> _WHAT IS EXPECTED_
Starting at the line that contains "Cette boîte en", output each line exactly as written through the end of the listing below, but leave out the pictures.

> _SOURCE DATA_
= Beginning of Section =
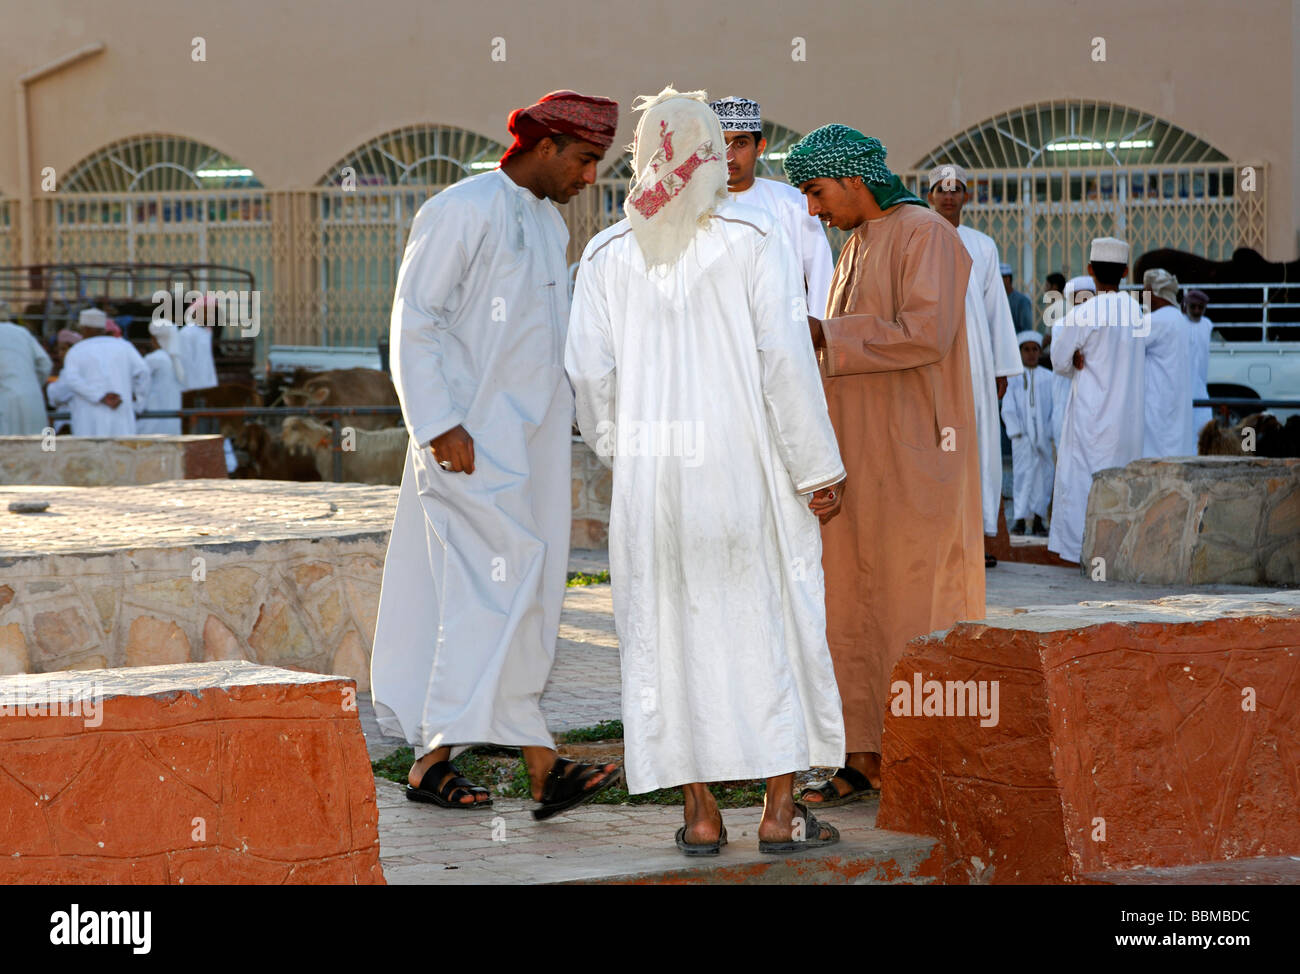 Locales típicos, dishdasha hombre vestido con túnica blanca, Abu
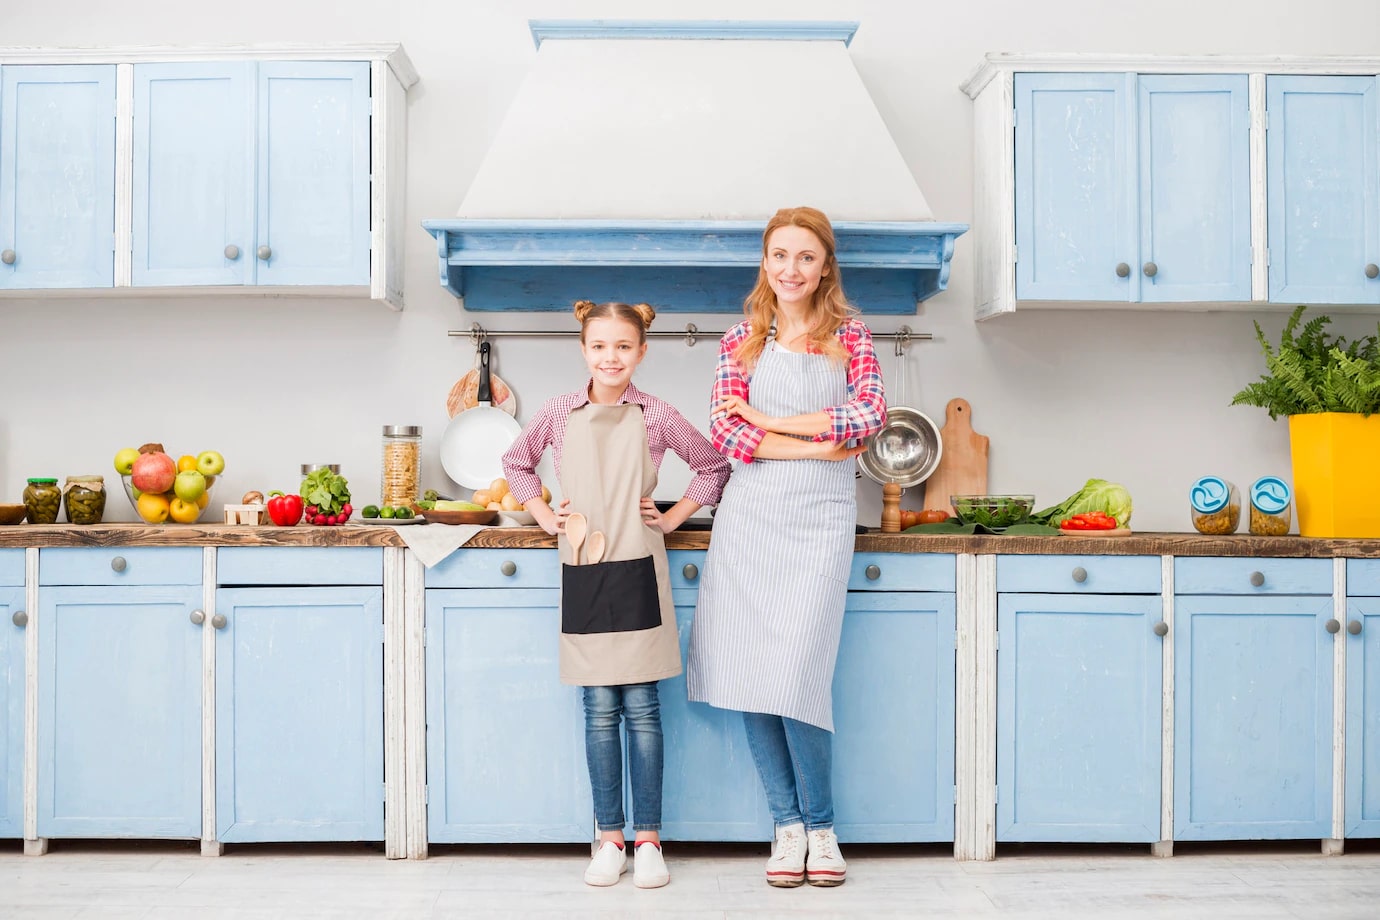 Сообщение на кухне мама. Мама на кухне. Фотосессия мама и дочка на кухне. Дочка на кухне. Семья на кухне.
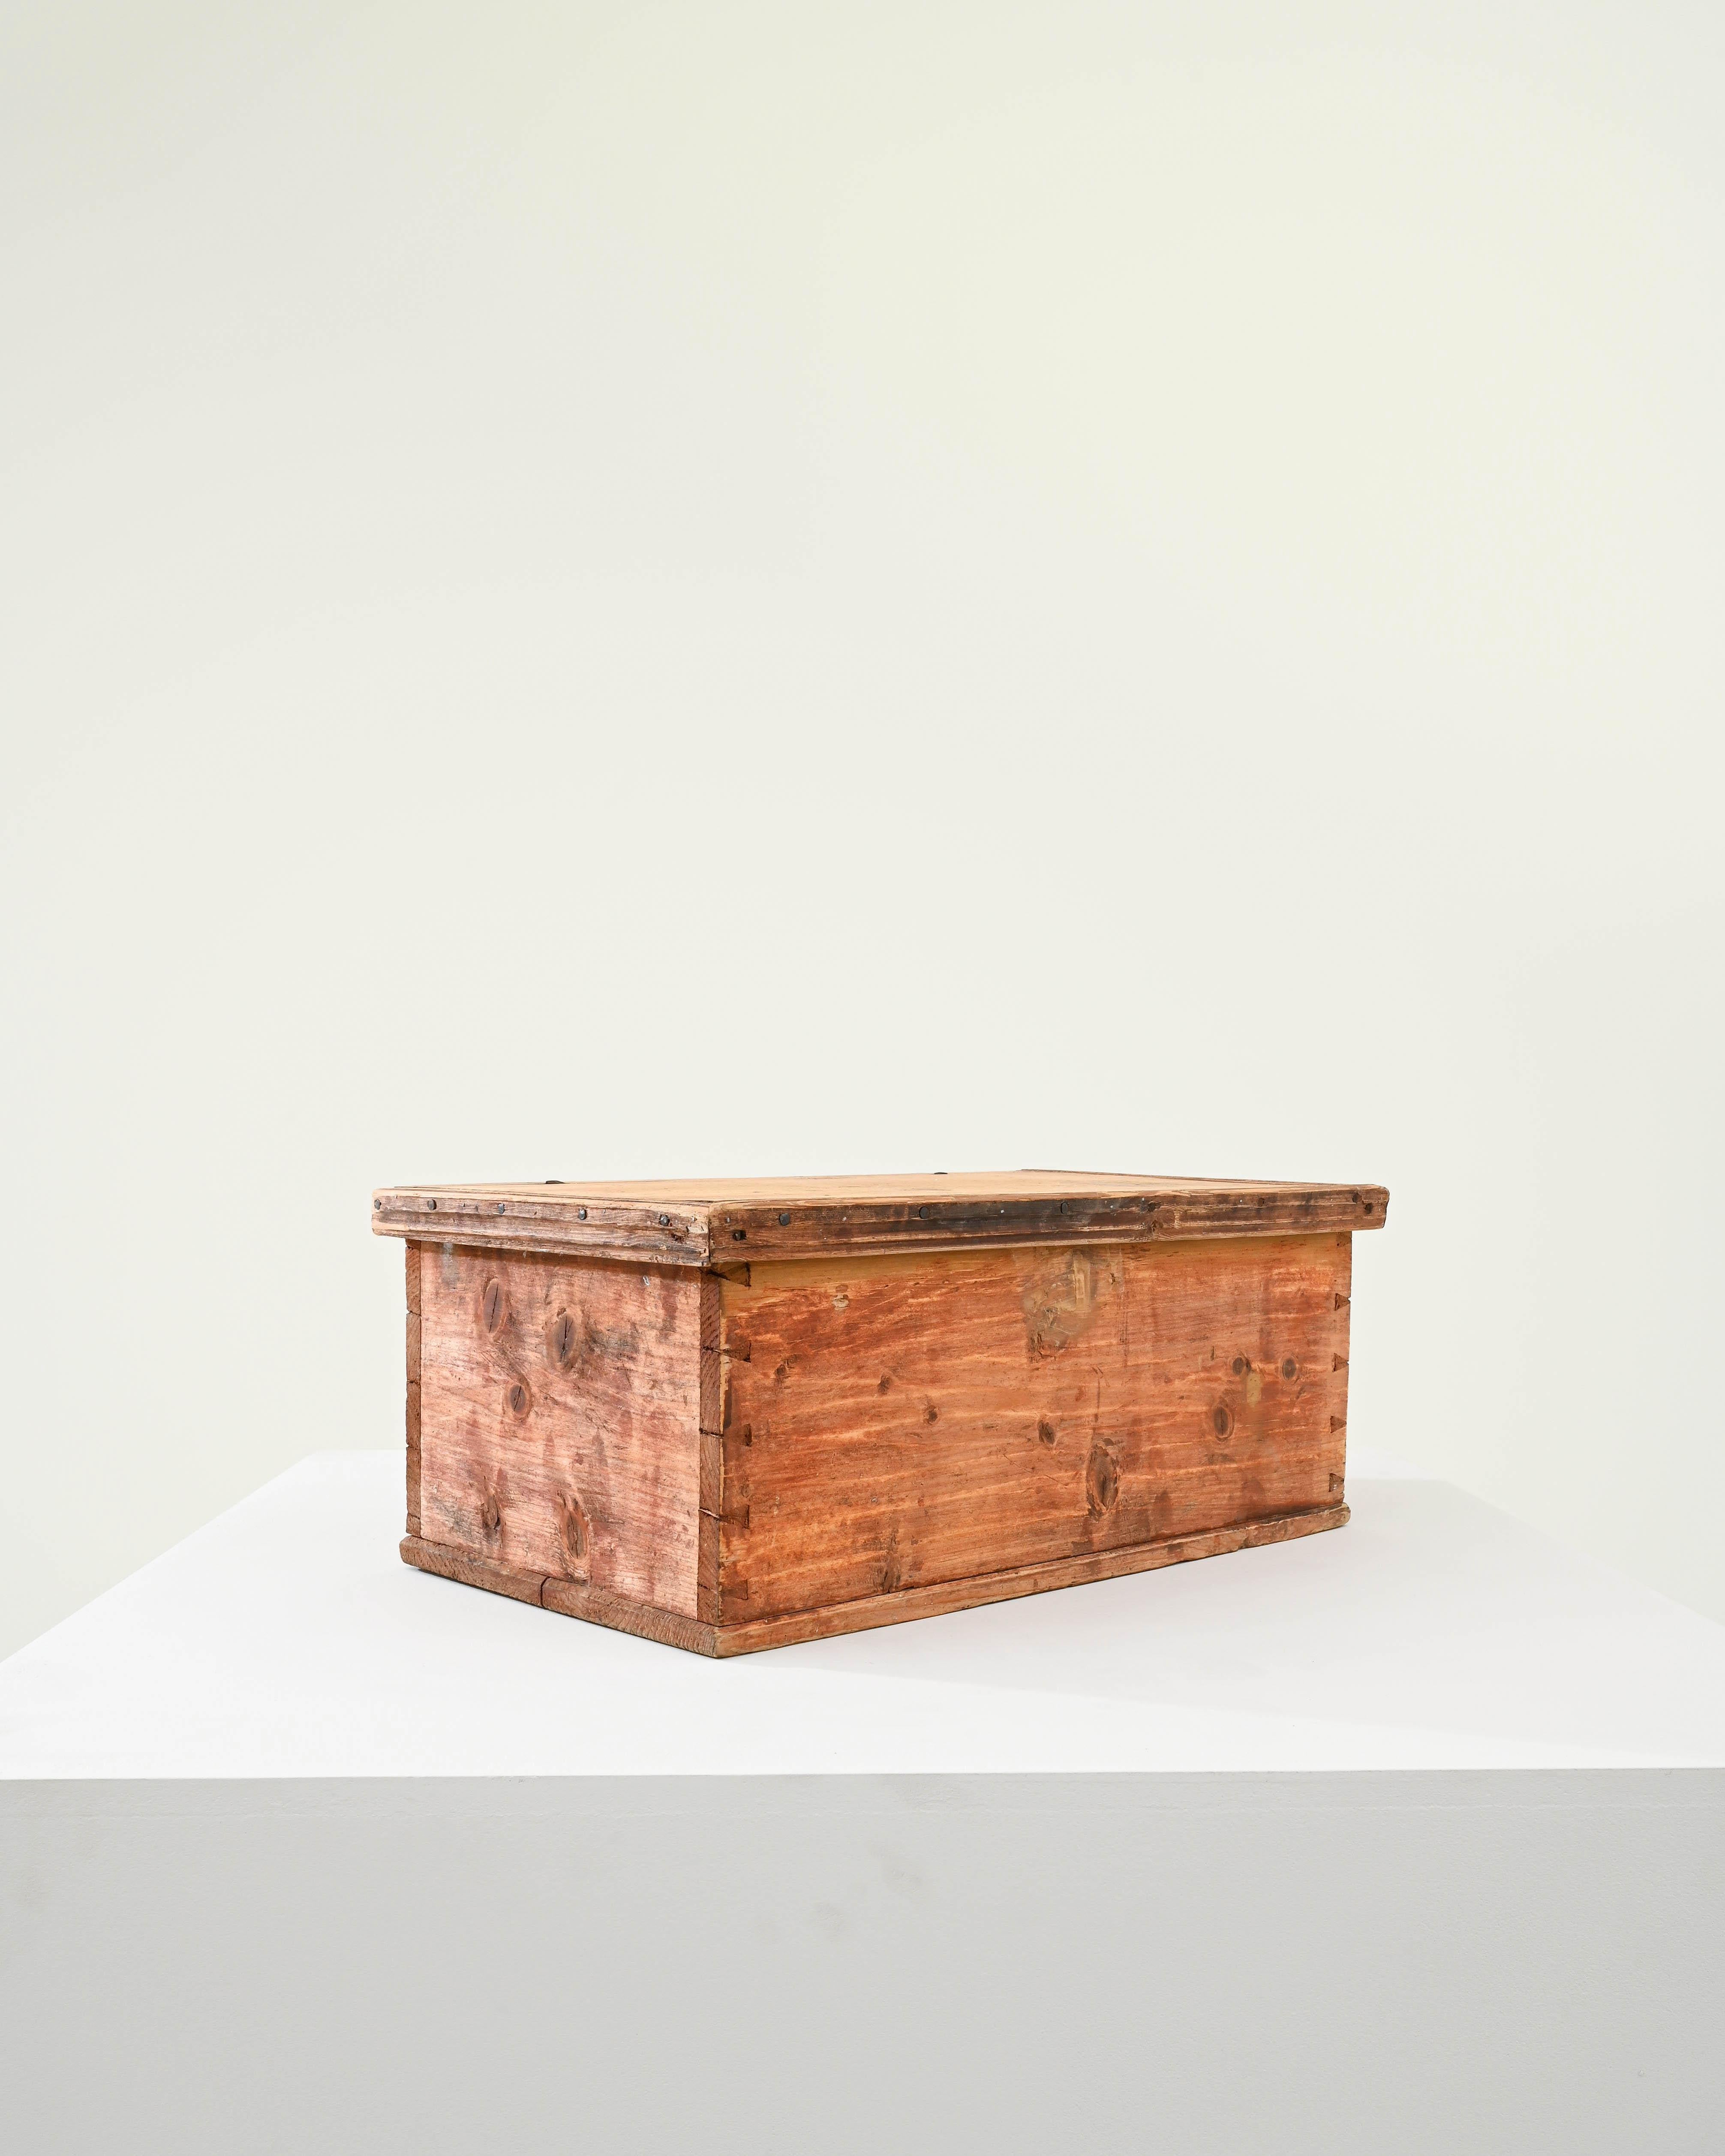 Cette boîte en bois a été produite en Scandinavie, vers 1900. Une boîte à claque patinée montrant les signes d'une existence usée par le temps, avec des ferrures métalliques d'origine. Habilement clouée et assemblée à l'aide de queues d'aronde
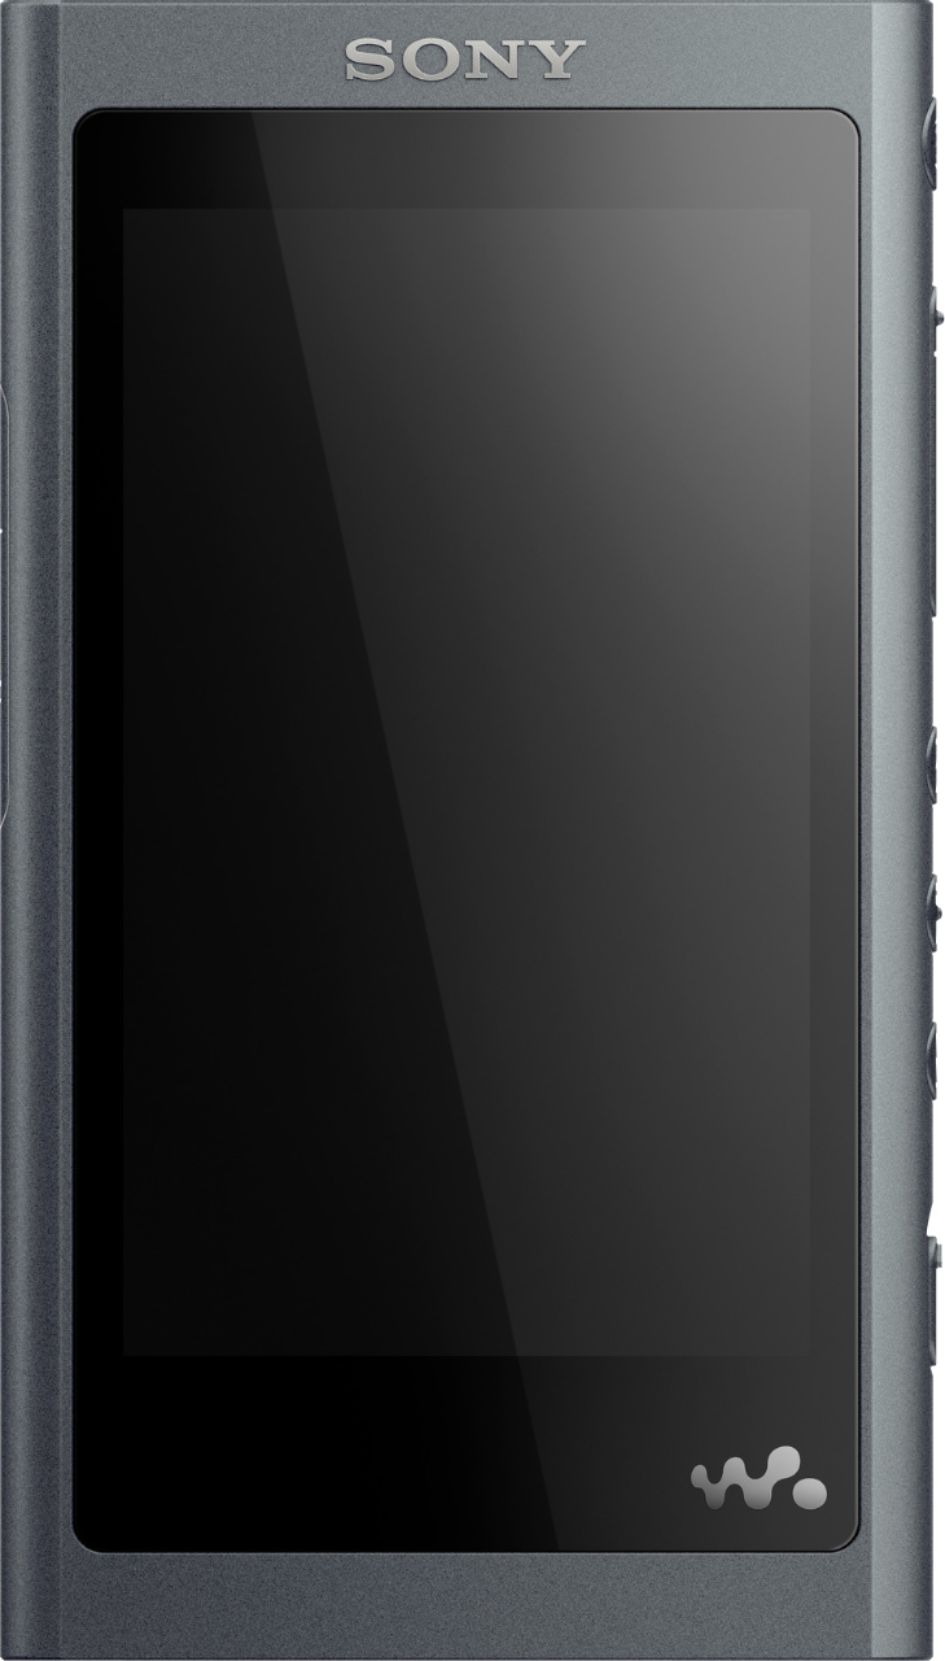 オーディオ機器 ポータブルプレーヤー Sony Walkman NW-A55 Hi-Res 16GB* MP3 Player Black  - Best Buy
= End of Section =
> _RESULT FOR THIS TASK_
 Cette boîte en bois a été produite en Scandinavie, vers 1900. Une boîte à claque patinée montrant les signes d'une existence usée par le temps, avec des ferrures métalliques d'origine. Habilement clouée et assemblée à l'aide de queues d'aronde
 オーディオ機器 ポータブルプレーヤー Sony Walkman NW-A55 Hi-Res 16GB* MP3 Player Black  - Best Buy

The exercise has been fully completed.